У Диккенса обнаруживается также меньшее, чем того можно было бы ожидать от него, понимание преступников. Да, он хорошо осведомлен о социально-экономических причинах преступности, но частенько дает основания предполагать, что считает, будто человек, однажды нарушивший закон, навсегда ставит себя вне общества. В одной из заключительных глав «Дэвида Копперфильда» рассказывается о посещении Дэвидом тюрьмы, где отбывают наказание Латимер и Урия Хип. Диккенс явно считает ужасающие «образцовые» тюрьмы (против которых так незабвенно выступил Чарльз Рид в своем романе «Никогда не поздно исправить») чересчур гуманными. Он негодует, что пища была слишком хороша! Если речь идет о преступности или о крайней нищете, ум Диккенса выказывает привычку к правилу: «Я сам всегда на стороне респектабельности». Чрезвычайно интересно отношение Нина к Мэгвичу в «Великих ожиданиях» (это явно позиция самого Диккенса). Пип постоянно ощущает собственную неблагодарность по отношению к Джо, но куда меньше — по отношению к Мэгвичу, когда же он узнает, что тот, кто много лет осыпал его благами, на самом деле пересыльный каторжник, то его охватывают бешеные приступы отвращения. «Омерзение, которое я питал к этому человеку, злоба, которую я к нему испытывал, отвращение, с которым я избегал его, были столь велики, словно я видел перед собой какого-то страшного зверя» и т. д. и т. д. Насколько понимаешь из текста, все это не из-за того, что в детстве Пип натерпелся от Мэгвича на церковном погосте, а именно потому, что Мэгвич преступник и каторжник. Легкое дополнение к позиции «я-то-сам-респектабельный»: Пип решает, что он не может принять деньги Мэгвича. Деньги эти были добыты не преступлением, а. заработаны честно, но они — деньги бывшего каторжника и уже поэтому «запятнаны». Замечу, в такой ситуации нет никакой психологической фальши. Психологически последняя часть «Великих ожиданий» на уровне лучшего, что создано Диккенсом, читая ее, не расстаешься с мыслью: «Да, именно так Пип и должен себя вести». Все дело в том, что в истории с Мэгвичем Диккенс в Пипе выражает себя с позиции в основе своей снобистской. Вот и попал Мэгвич в тот странный разряд героев, что и Фальстаф, возможно, и Дон Кихот — героев, которые оказываются более трогательными, чем задумывал автор.

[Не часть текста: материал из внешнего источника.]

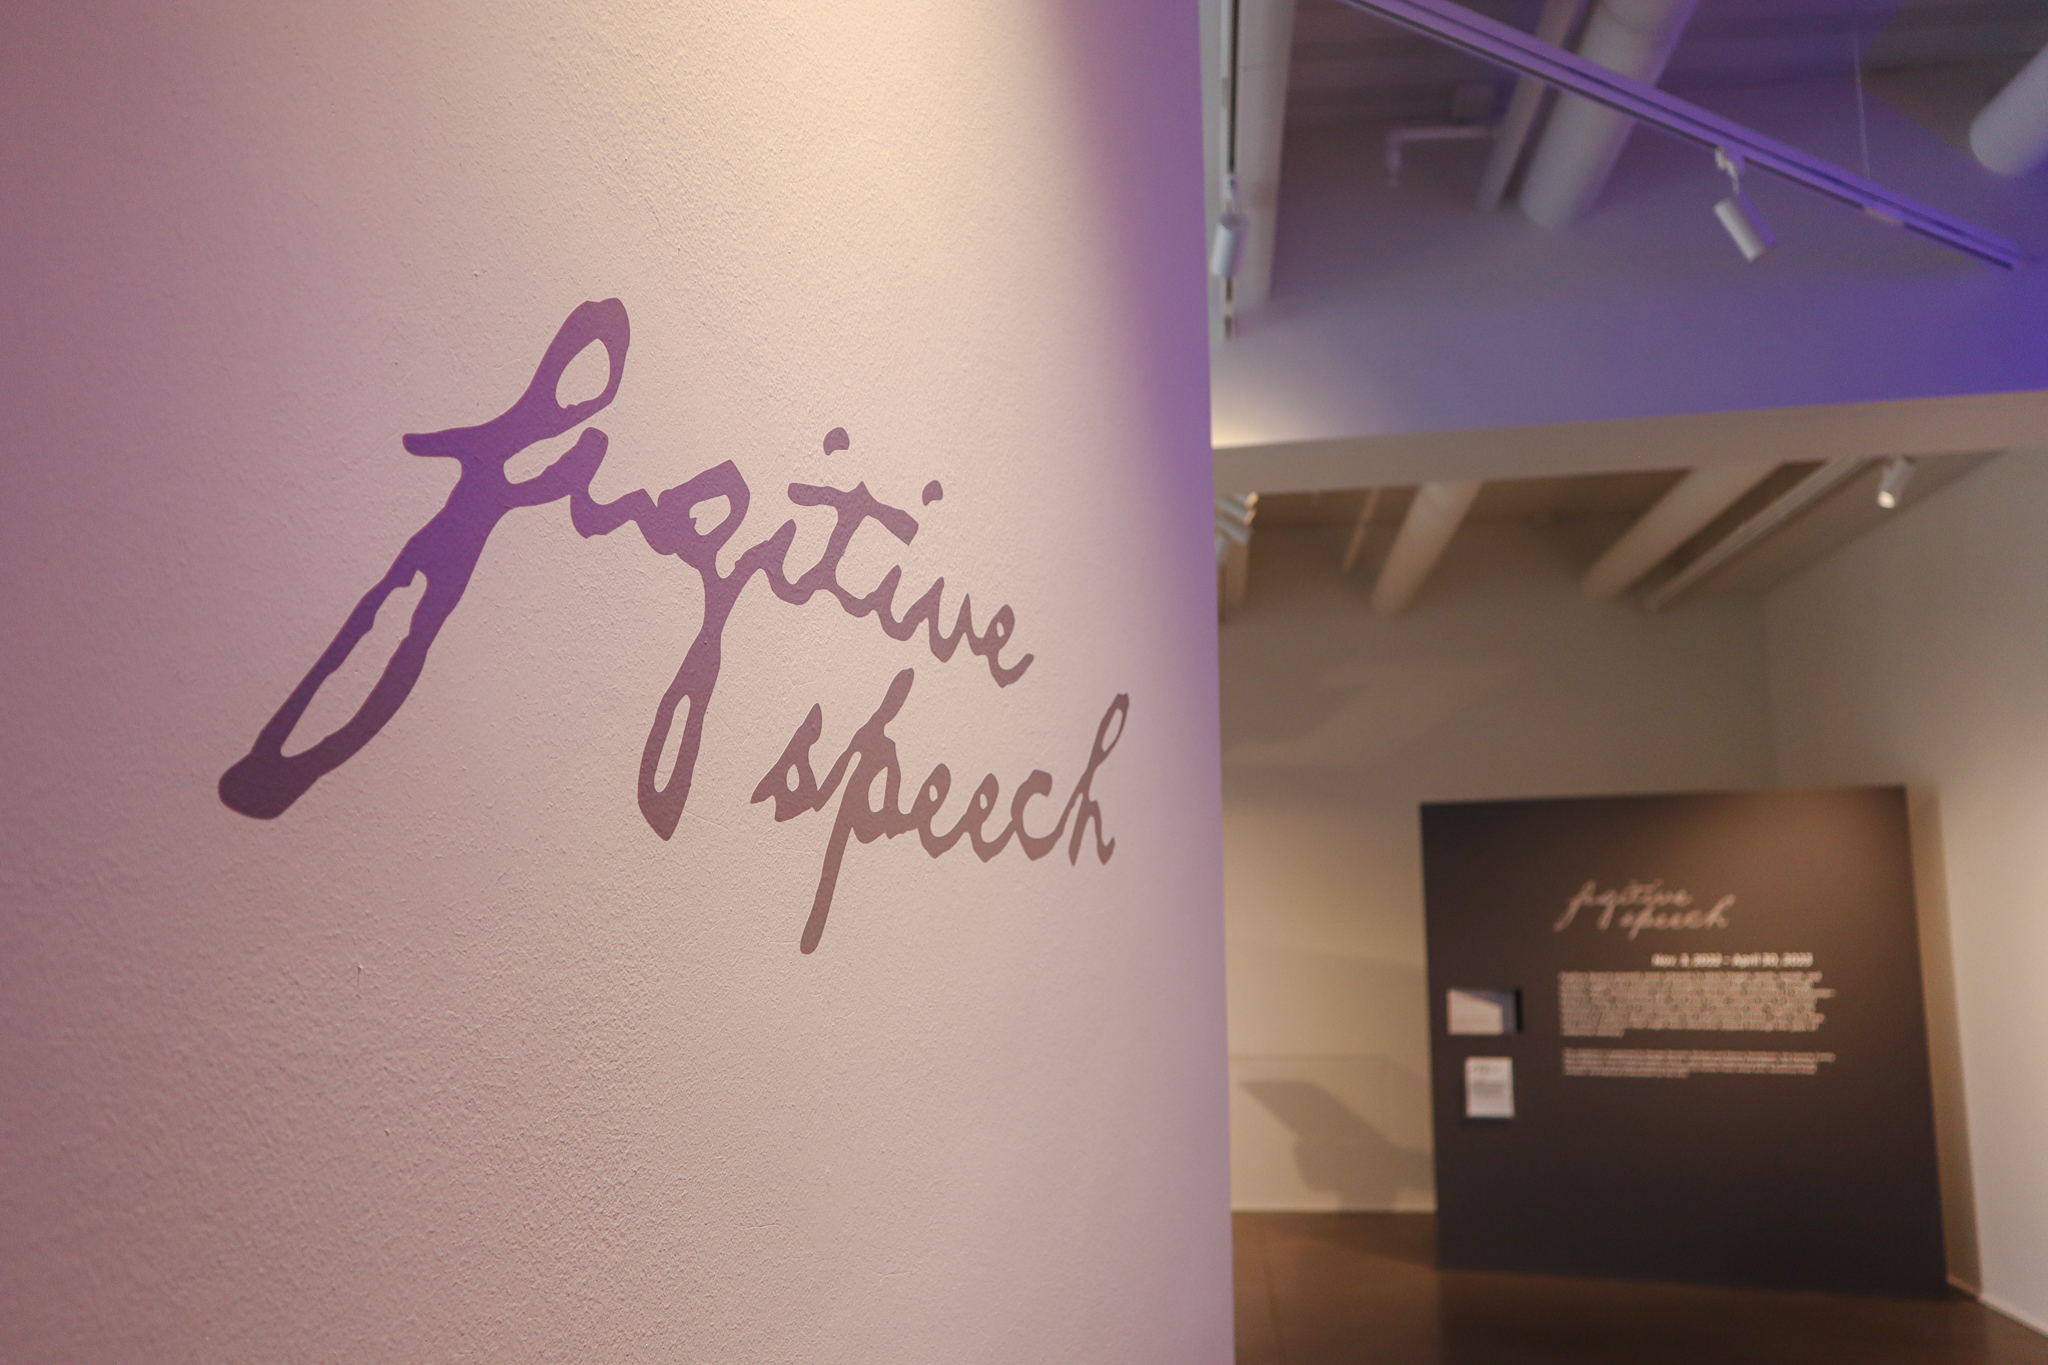 Written in lowercase cursive is 'fugitive speech' in gray on a white wall.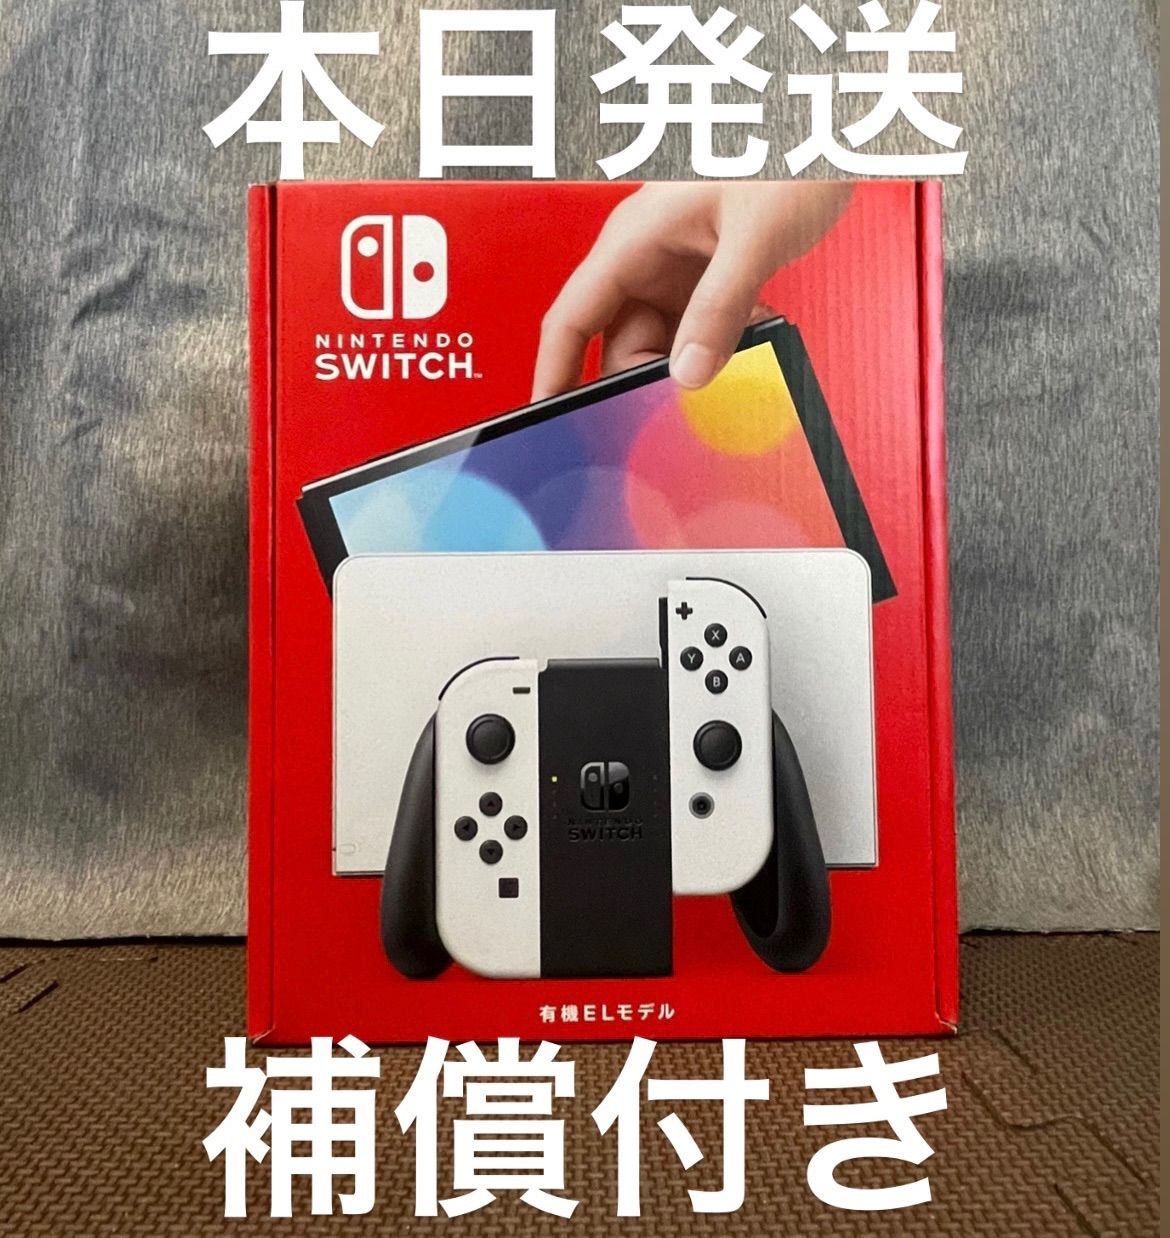 Nintendo Switch  (有機ELモデル)ホワイト

Когда же речь идет о не совершавшем преступлений бедняке, об обычном, честном, в поте лица добывающем хлеб бедняке, то, разумеется, во взгляде на него у Диккенса нет и тени презрительности. Он искренне восхищается такими людьми, как Пеготи и Плорниши. Неясно только, считает ли он их действительно ровней. Исключительно интересно читать XI главу «Дэвида Копперфидьда», сравнивая ее с автобиографическими заметками (часть их приведена Форстером в «Жизни»), где Диккенс выражает свои чувства по поводу работы на гуталинной фабрике куда сильнее, чем в романе. И через двадцать лет память об этом столь болезненна, что он предпочитает сделать крюк, лишь бы не попасть в тот район Стренда. Он признается, что пройтись там «я не мог без слез и рыданий уже и после того, как мой старший сын научился говорить». Текст свидетельствует недвусмысленно: самую острую боль как тогда, так и прежде, вызывали у него вынужденные встречи с «низкими» знакомцами:
«Слова бессильны выразить, в какой тайной агонии пребывала душа моя, когда я погружался в это товарищество, сравнивая моих нынешних, каждый день на работе встречаемых товарищей с теми, кого оставил я в моем более счастливом детстве. Но и на гуталинной фабрике я был не из последних… Скоро сделался я ничуть не хуже других, так же проворен и так же мастеровит, как любой из мальчишек. Мы были похожи, и все же поведением и манерами я достаточно отличался от них, чтобы между нами всегда чувствовалась некоторая дистанция. В разговоре ребята, как и взрослые рабочие, обращались ко мне как к «молодому джентльмену». Кто-то из мужчин… в беседе порой называл меня «Чарльз», но, помнится, такое случалось, когда мы оставались наедине… Пол Грин раз было взбунтовался против этого «молодого джентльмена», но Боб Фаджин быстренько его успокоил».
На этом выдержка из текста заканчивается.